Modulating electrochemical properties by Fe3+ doping for cobalt-free Li1.2Ni0.26Mn0.54O2 cathode material

Abstract

The widespread application of Li-rich cathode material is restricted due to capacity attenuation and poor rate capability caused by crystal structure transformation and irreversible lattice oxygen escape during cycling. The Fe3+-doped effects on lattice structures and electrochemical properties of Li1.2Ni0.26−xMn0.54FexO2 (x = 0, 0.03, 0.05 and 0.08) cathode materials fabricated by a sol-gel method are systematically studied in this paper.

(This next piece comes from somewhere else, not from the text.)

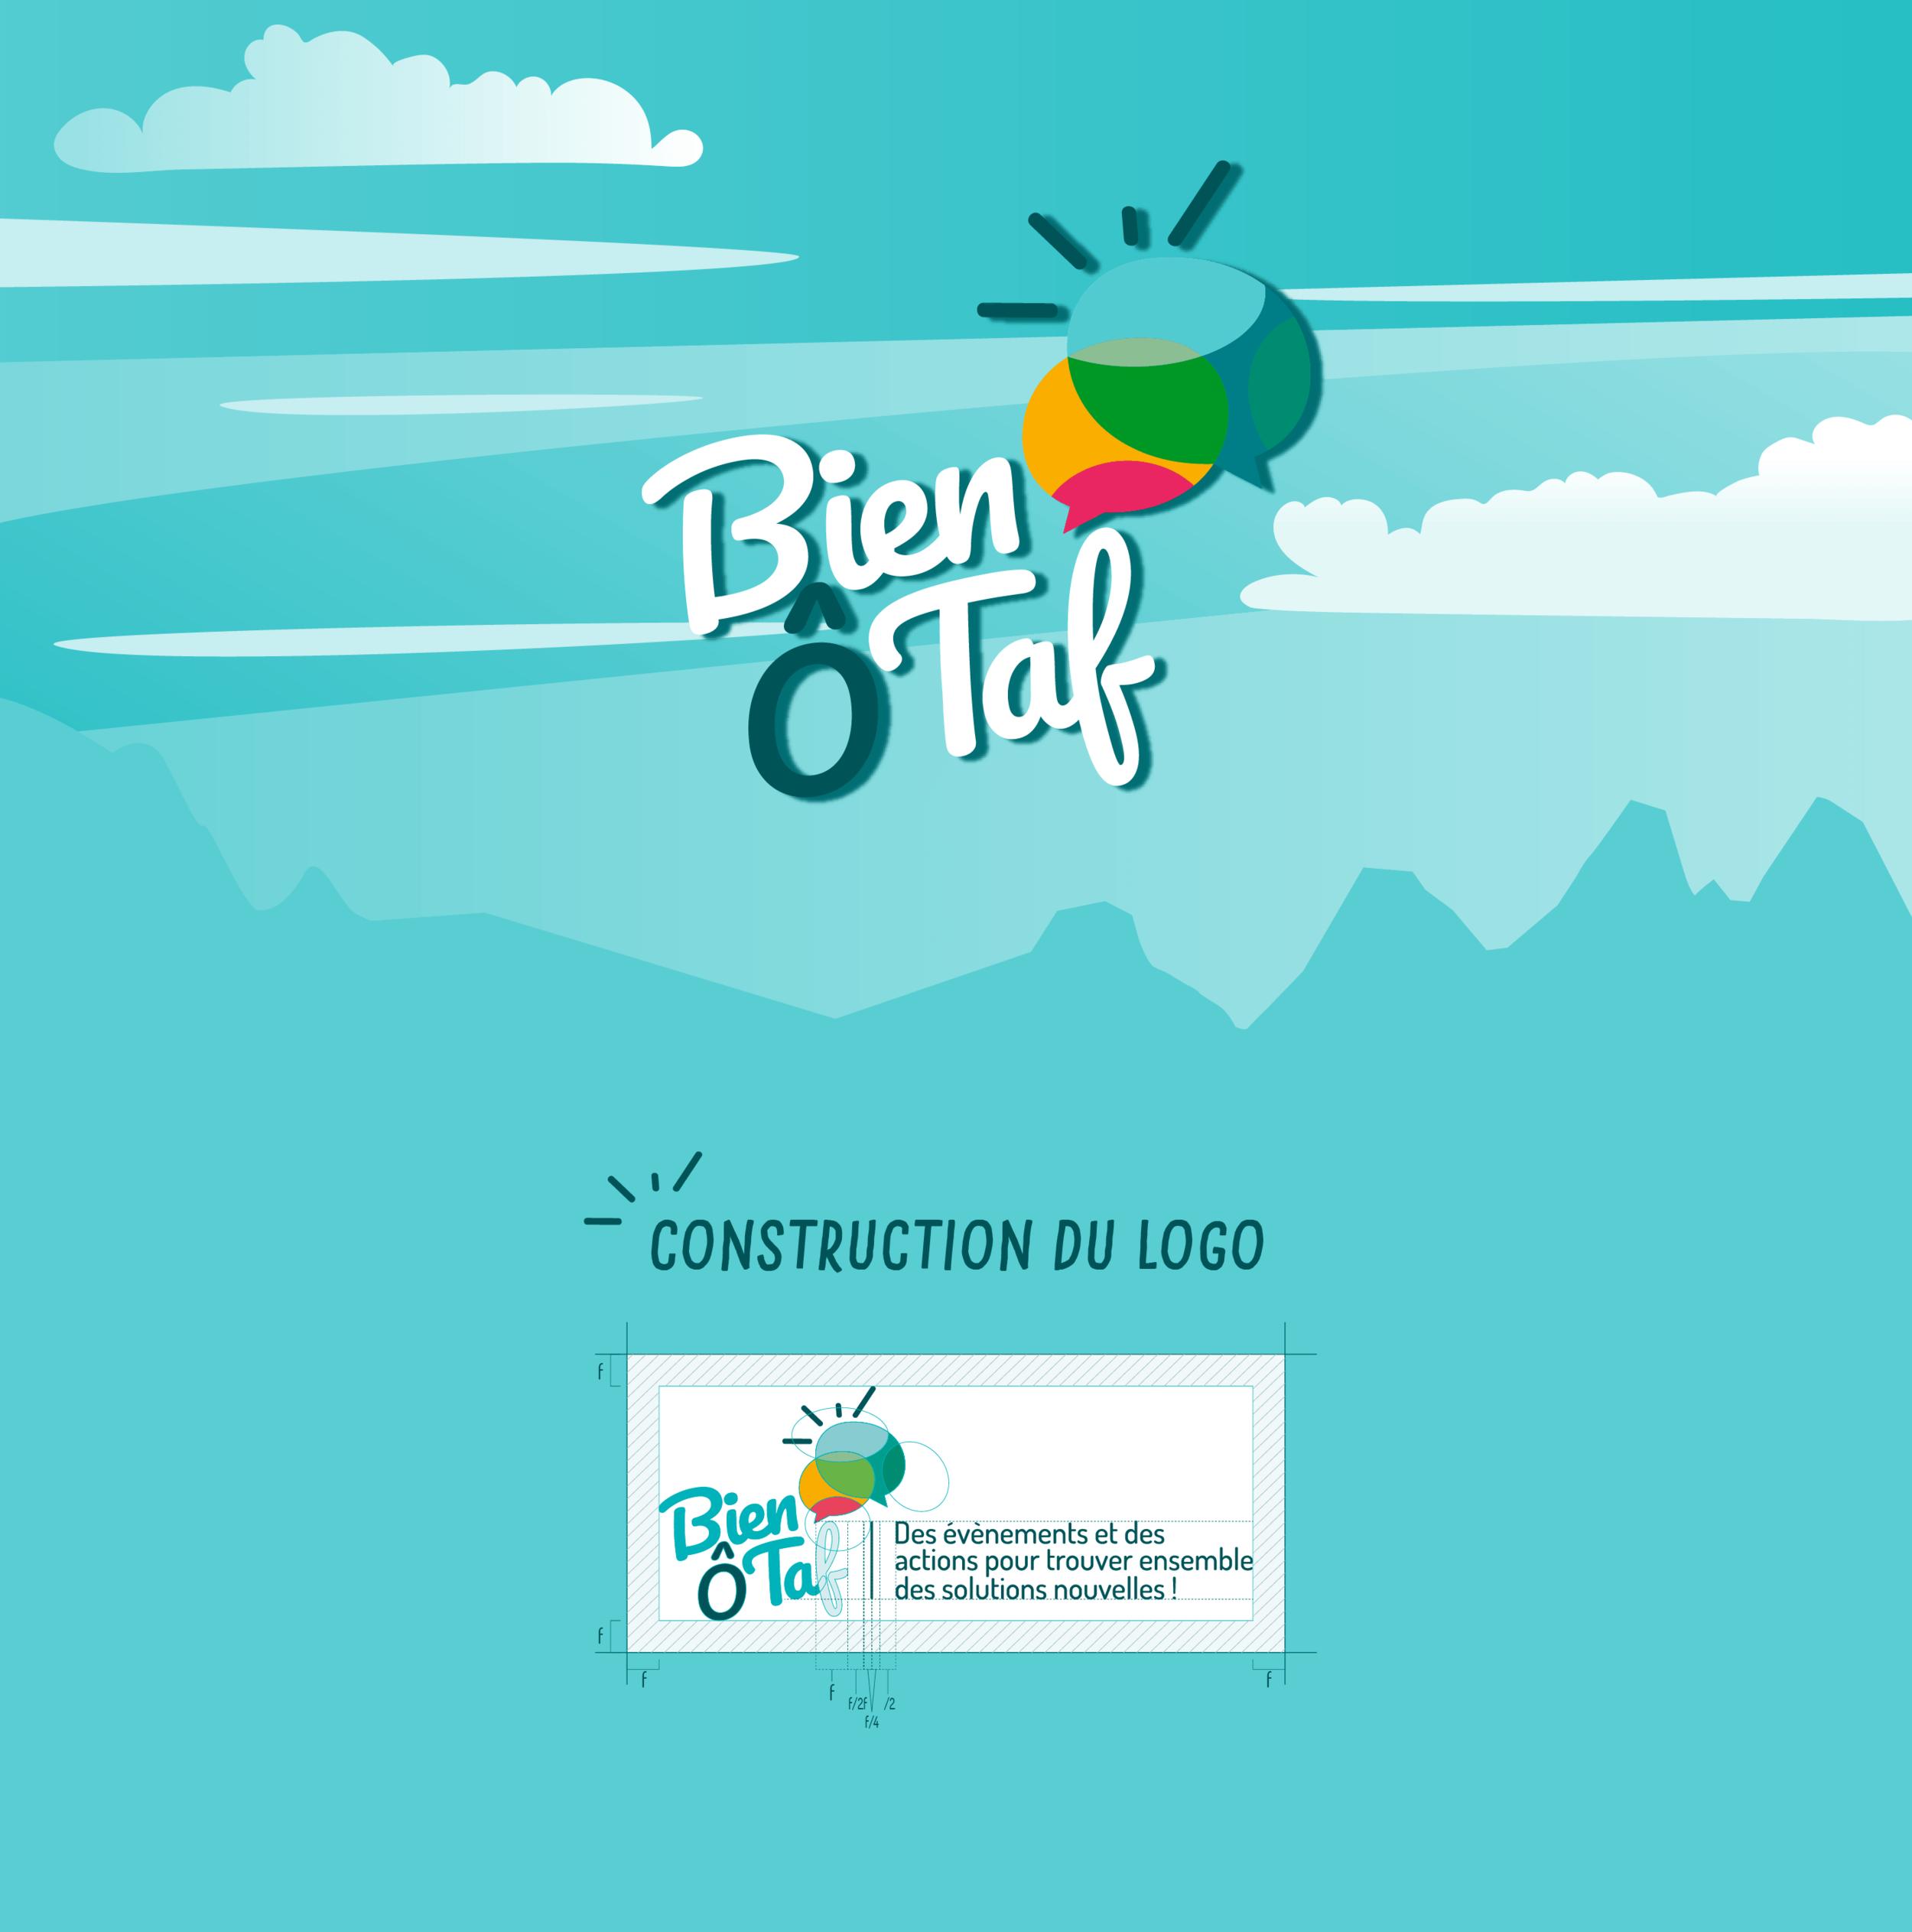 bienotaf_identite_visuelle_design_graphique_construction_du_logo_presentation.png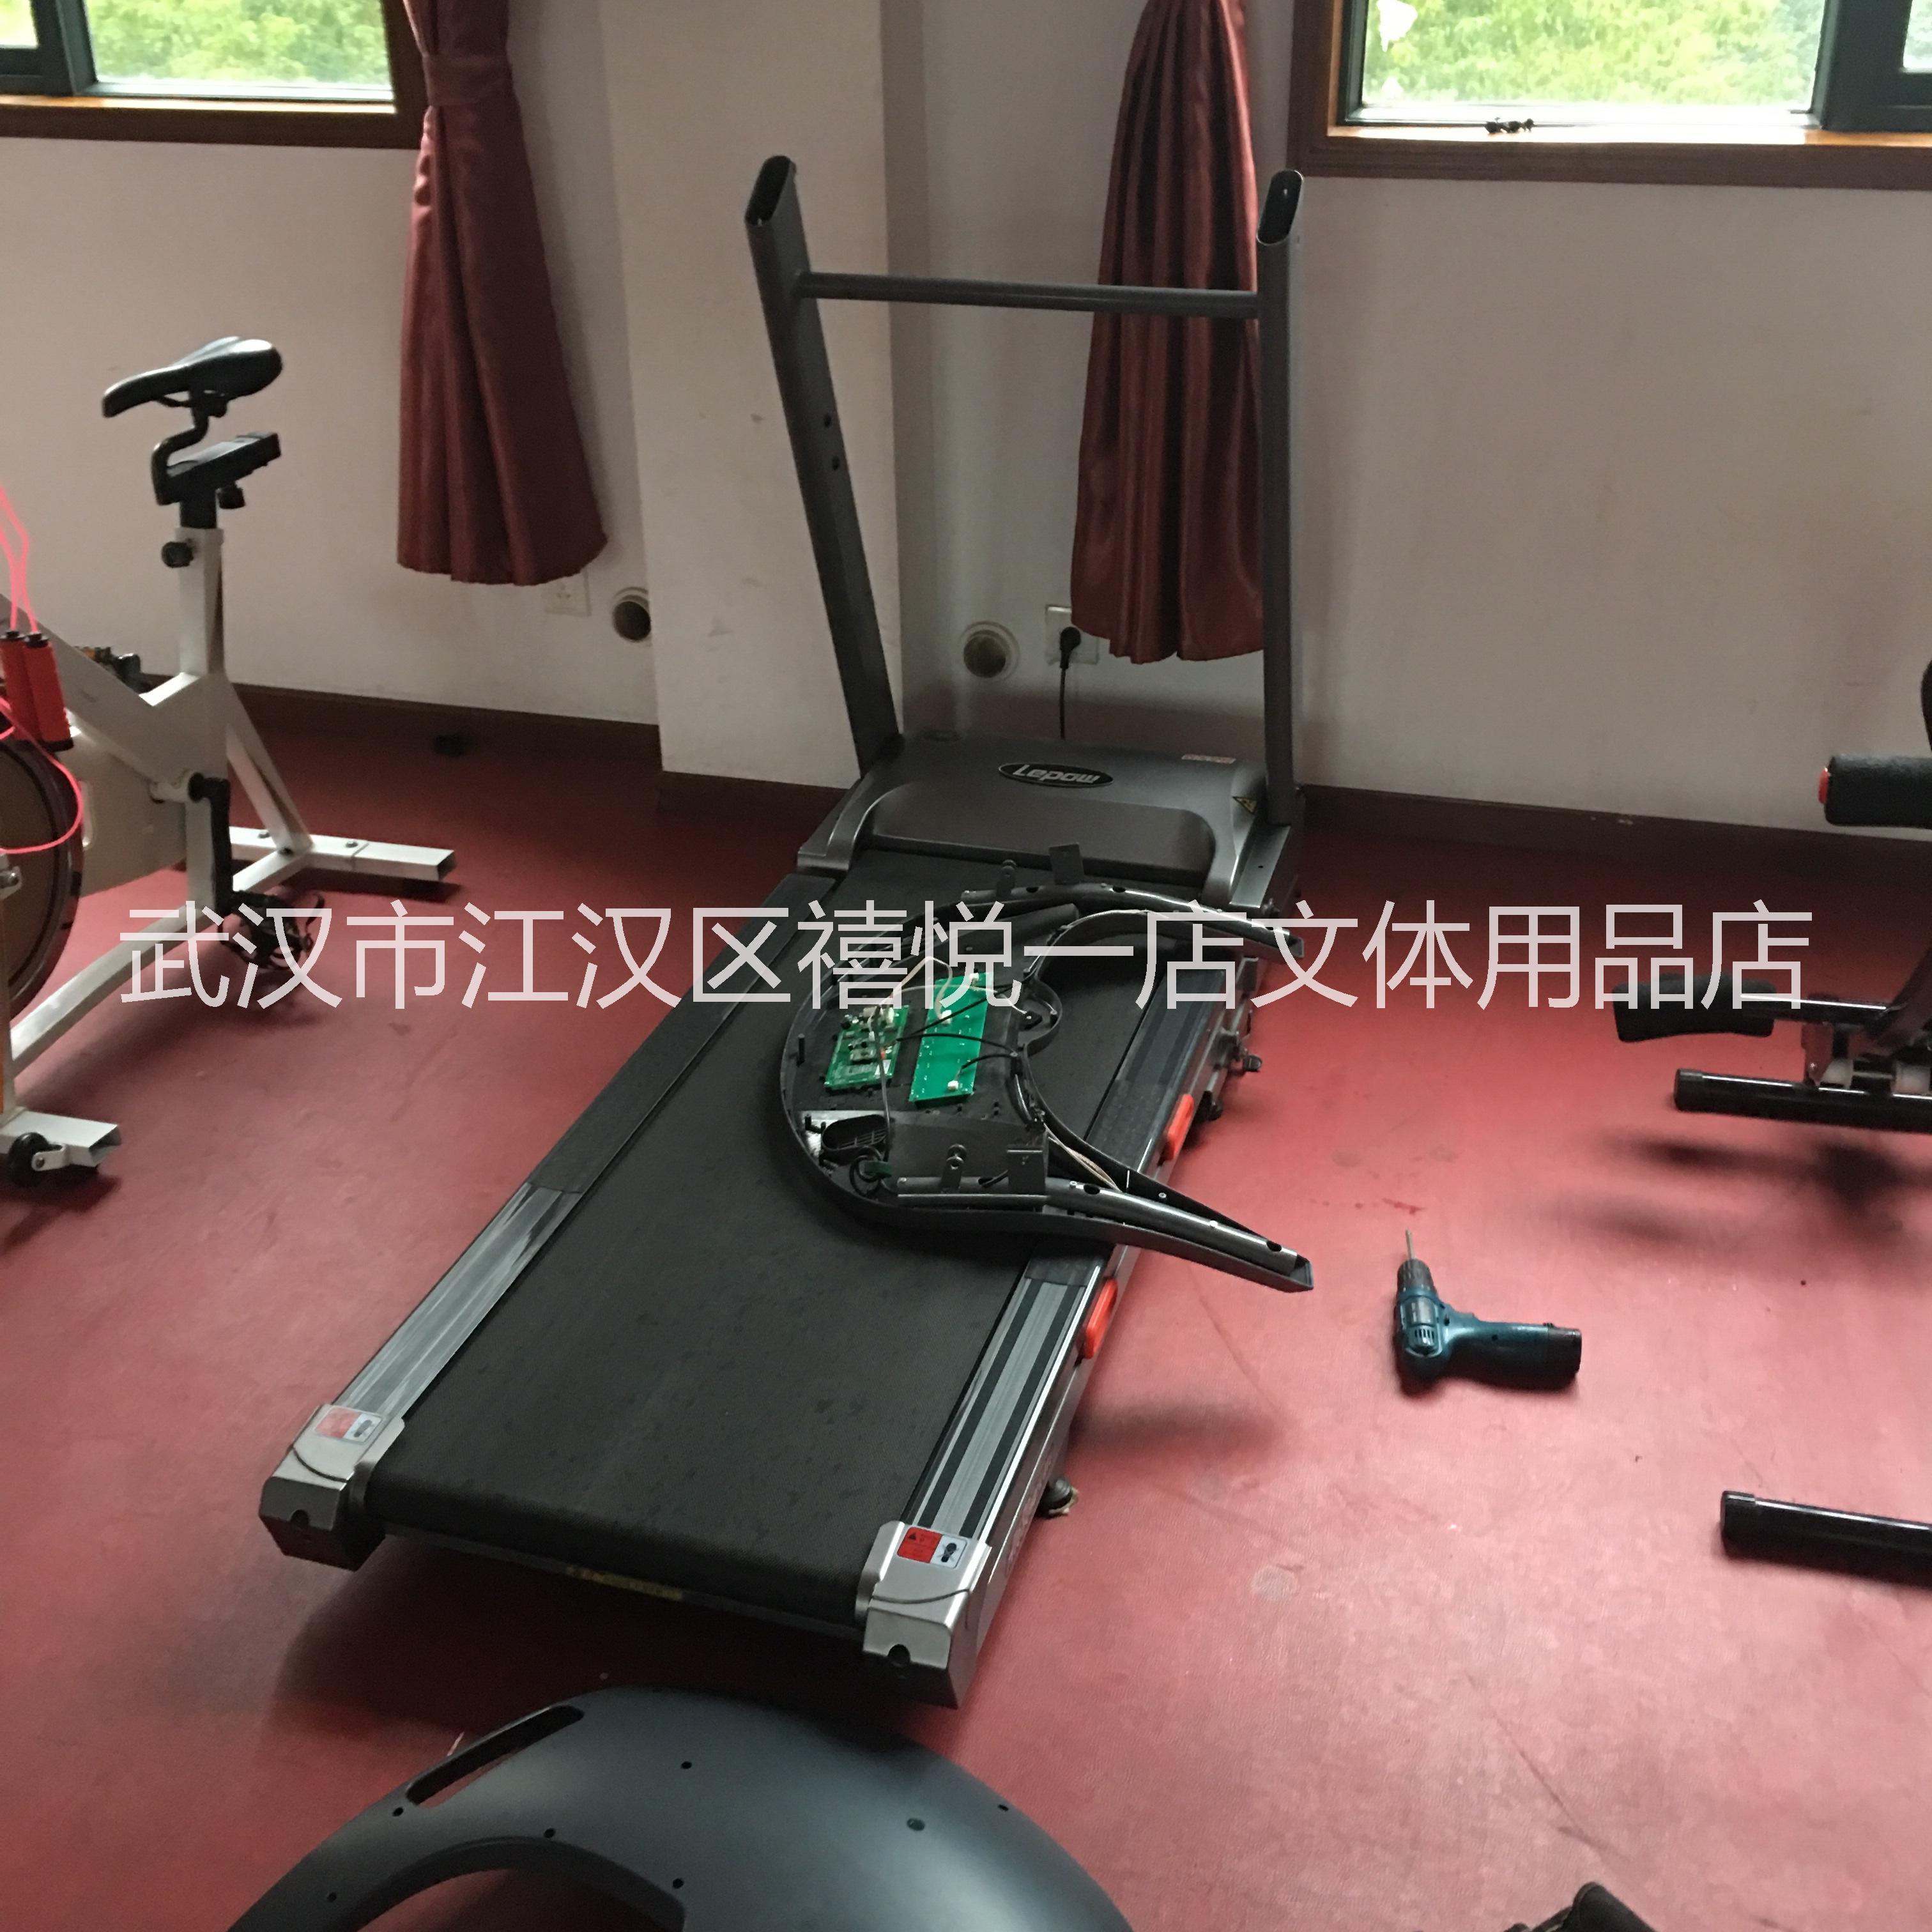 武汉来跑跑步机维修 武汉汇康跑步机维修保养 健身房来跑跑步机售后

Doped materials exhibit good electrochemical performance such as high discharge specific capacity and capacity retention at high current density rates. Li1.2 Ni0.21Mn0.54Fe0.05O2 can supply a specific capacity of 190.7 mAh g−1 with 73.6 % capacity retention after 100th cycle at 2 C, and rate capacities of 230.6, 208.5, 193.1, 172.1 and 105.6 mAh g−1 at 0.1, 0.5, 1, 2 and 5 C, respectively. It is attributed to the enhanced structural stability, enlarged Li layer spacing, intensive interaction between transition metals and oxygen, less manganese disproportionation and oxygen release and increased Li+ diffusion coefficient by Fe3+ doping.